Thermal Expansion of Water

Water is an extraordinary substance because it behaves differently from most materials when it freezes: it expands. This phenomenon is known as thermal expansion. When water is cooled down to its freezing point, its molecules arrange in a crystalline structure that occupies more space than when the water is in its liquid form. This expansion is why ice has a lower density and why it floats on water, which is a unique property significant for aquatic life, as it insulates the water below and provides a habitat for creatures in cold environments.
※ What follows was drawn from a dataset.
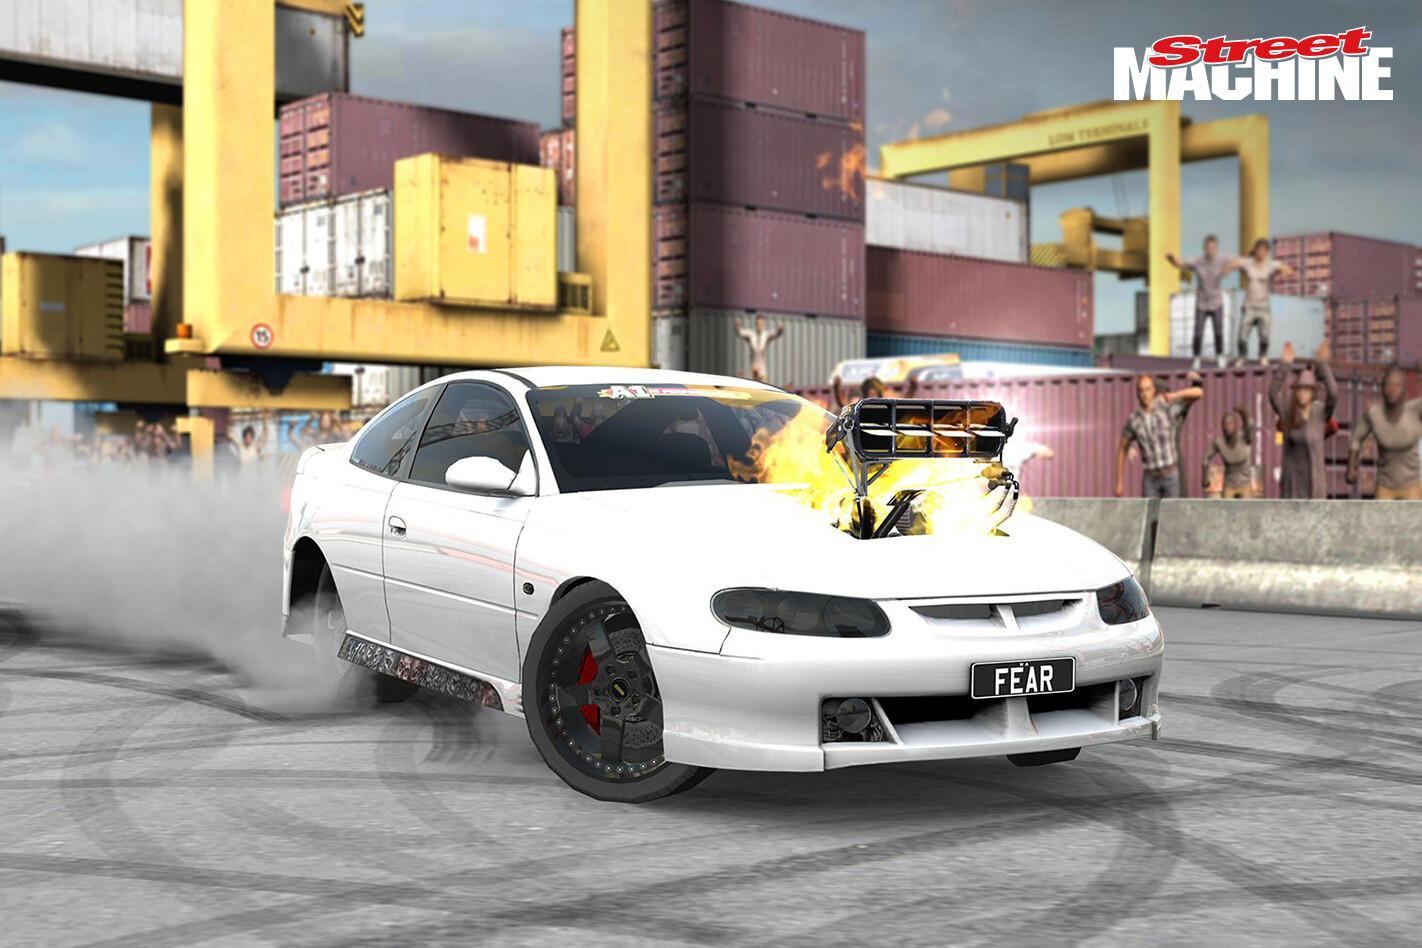 HSV GTO Coupe Burnout FEAR

The understanding of thermal expansion is not only important in nature but also in everyday applications like plumbing, where pipes could burst from freezing water, and the design of structures that must withstand temperature variations. In our exercise, thermal expansion causes the water when frozen to occupy a greater volume than in its liquid state at ${25}^{\circ }C$, leading to a volume that exceeds the bottle’s capacity.

Conversion of Units

In science, various units are utilized for measuring the same quantities. Being able to convert between these units is essential for proper calculation and understanding. Conversions allow for standardized communication across different regions and fields of study. The conversion factor between liters and cubic centimeters is a prime example, where $1\text{L}=1000{\text{cm}}^3$. This conversion is used in our problem to ascertain the bottle's volume in cubic centimeters to use the given densities effectively.

It's important to ensure that units in an equation match so as to not distort the computation. Unit conversion is involved in multiple aspects of daily life and technical worlds alike, from cooking measurements to fuel economy in cars (miles per gallon vs. liters per 100 km). Clarity in unit conversions can prevent misunderstandings and errors in many practical applications.